Novo pacote de satélites portugueses avança para novas missões espaciais

Novo pacote de satélites portugueses avança para novas missões espaciais

A primeira liberação de satélite acontece mais de 50 minutos após o lançamento do Falcon 9, mas até lá, não há indícios de problemas. O foguete da SpaceX decolou às 12h01 e o evento está sendo transmitido ao vivo, com comentários no Pavilhão do Conhecimento em Lisboa, onde o auditório está bastante cheio.

Mantenha-se atualizado sobre as notícias mais importantes de tecnologia eacompanhe tudo em tek.sapo.pt

Conforme reportado pela TEK Notícias</a] nesta manhã, são sete satélites “feitos em” Portugal que partem para o espaço hoje, com diversas missões, desenvolvidos em diferentes projetos e com objetivos variados, marcando uma nova etapa no desenvolvimento espacial português.

Entre eles, são quatro satélites da LusoSpace, além de dois da Força Aérea Portuguesa e do CEiiA, e o GEMS2-Amethyst da Weather Stream, todos lançados na missão Transporter-16 da SpaceX. O Falcon 9 foi lançado de Vandenberg, na Califórnia, na hora programada, às 4h02, horário do Pacífico, ou 12h02 em Portugal continental. A bordo, seguem 119 “cargas”, incluindo cubesats, microsats e outros “passageiros”, dentre os quais estão os sete satélites portugueses.
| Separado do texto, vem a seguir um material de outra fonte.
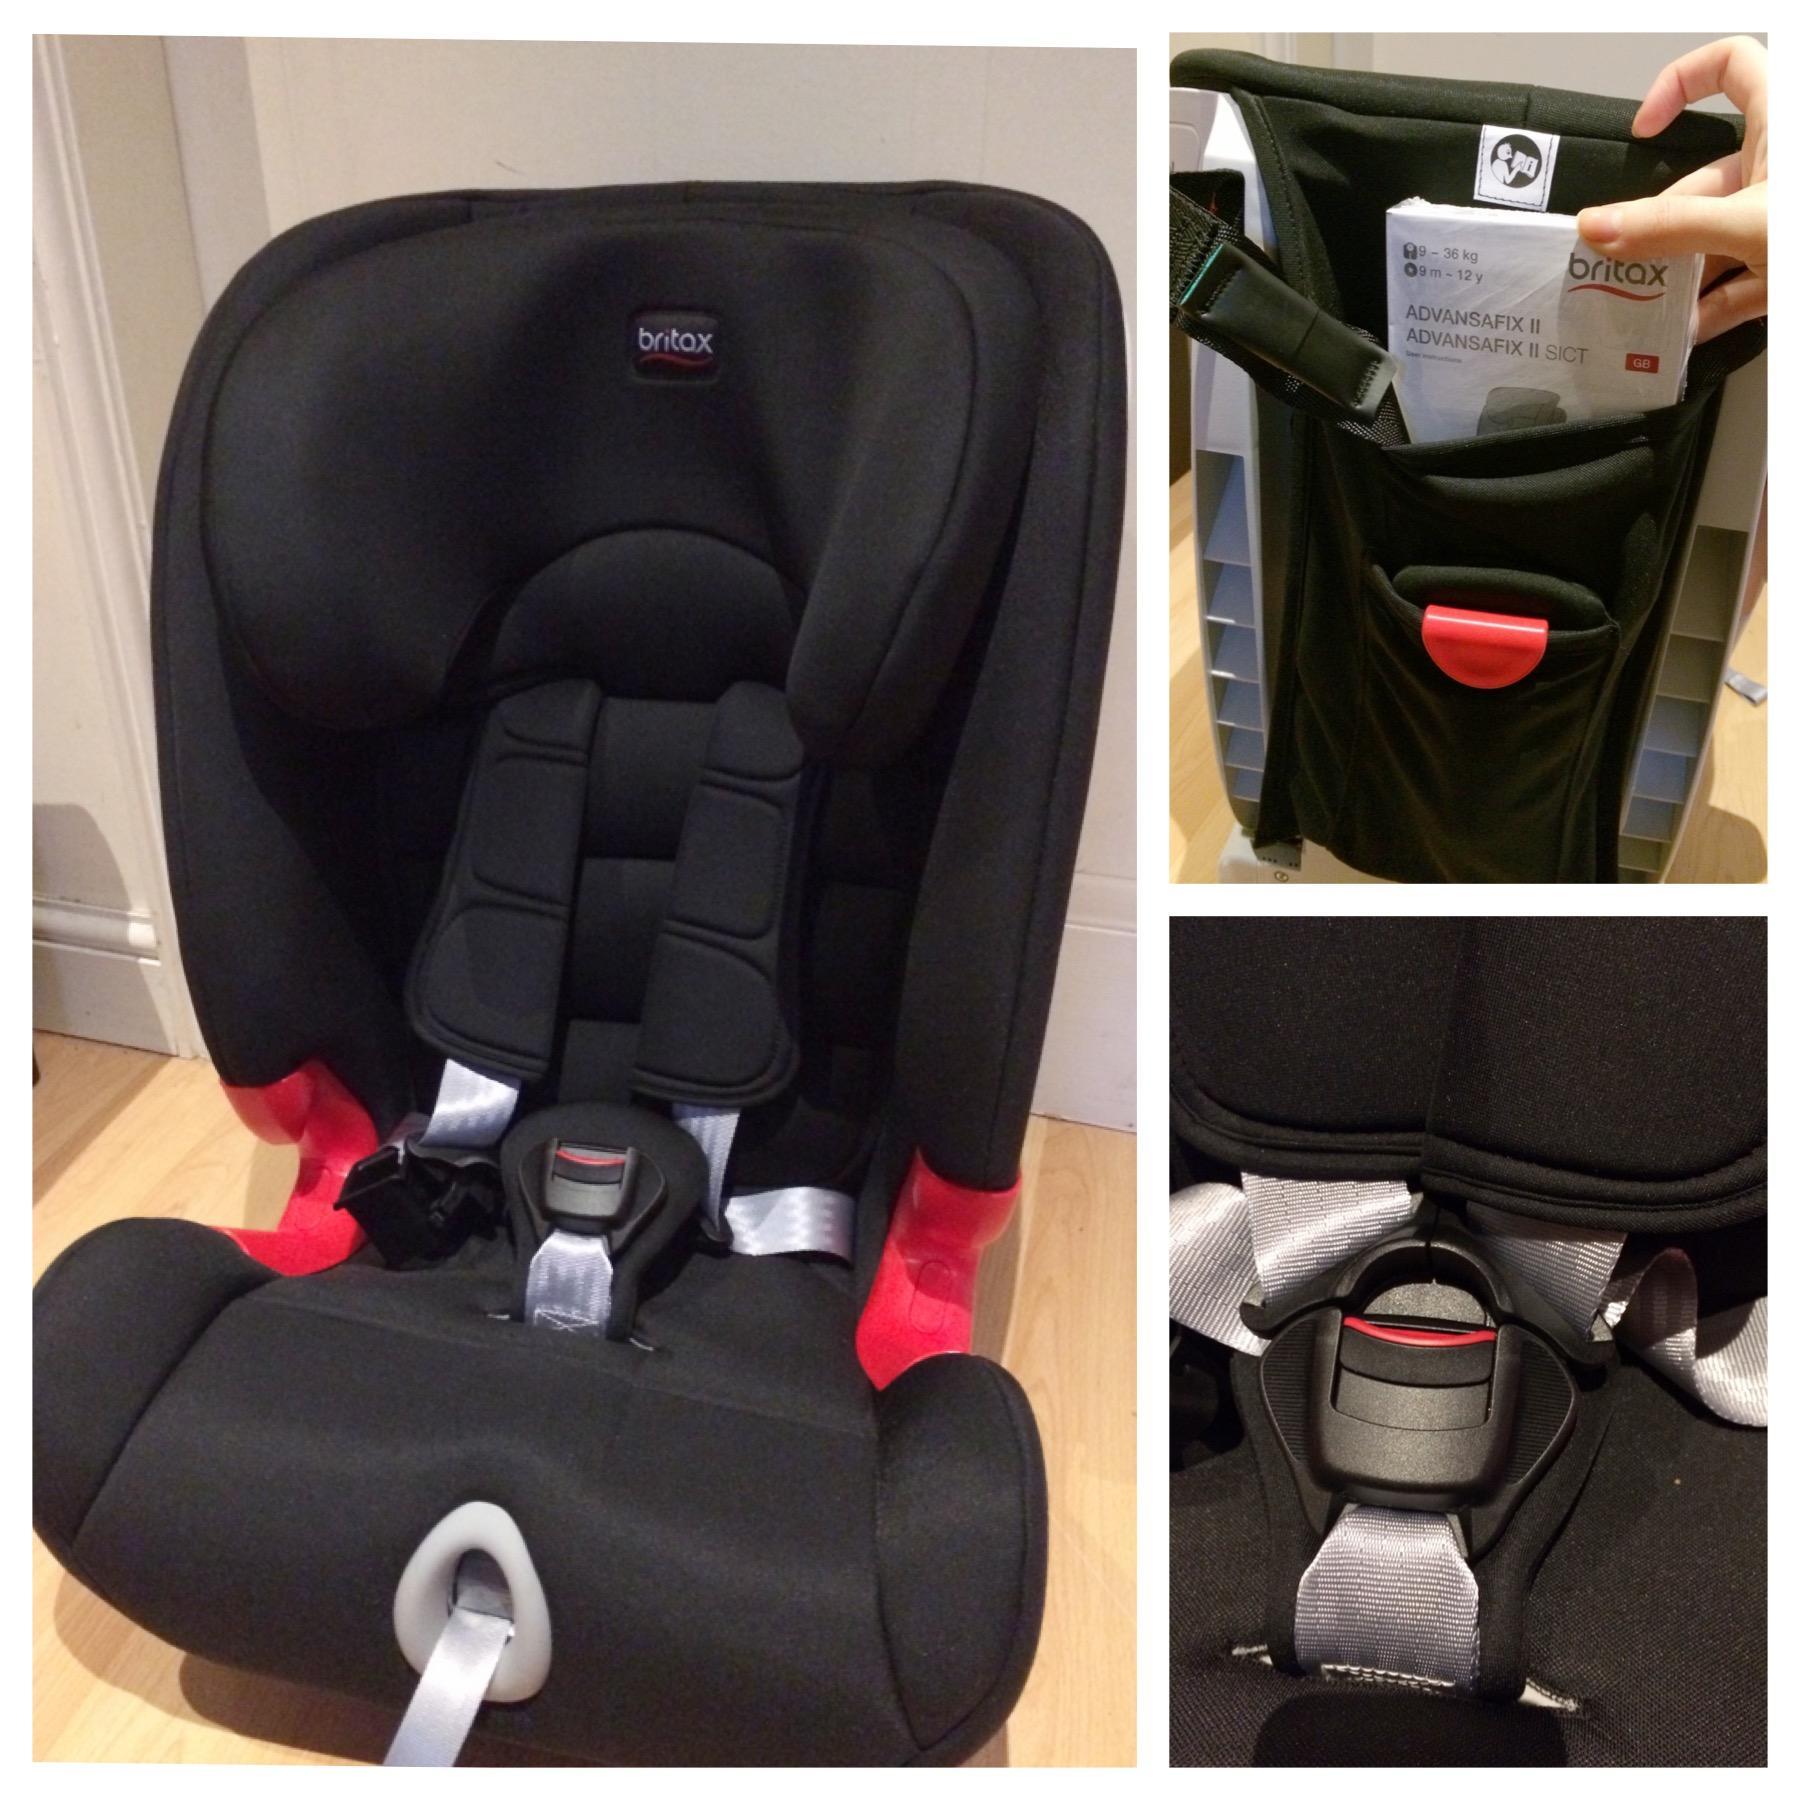 Britax Advansafix II SICT Car Seat Review

Confira as fotos do lançamento

A transmissão realizada pela SpaceX ainda está em andamento, e o lançamento do Falcon 9, às 12h02, arrancou aplausos do público no Pavilhão do Conhecimento, em um evento que a TEK Notícias está acompanhando. Os primeiros satélites serão liberados da cápsula aproximadamente 50 minutos após a decolagem, conforme anunciado pela SpaceX para a missão Transporter-16.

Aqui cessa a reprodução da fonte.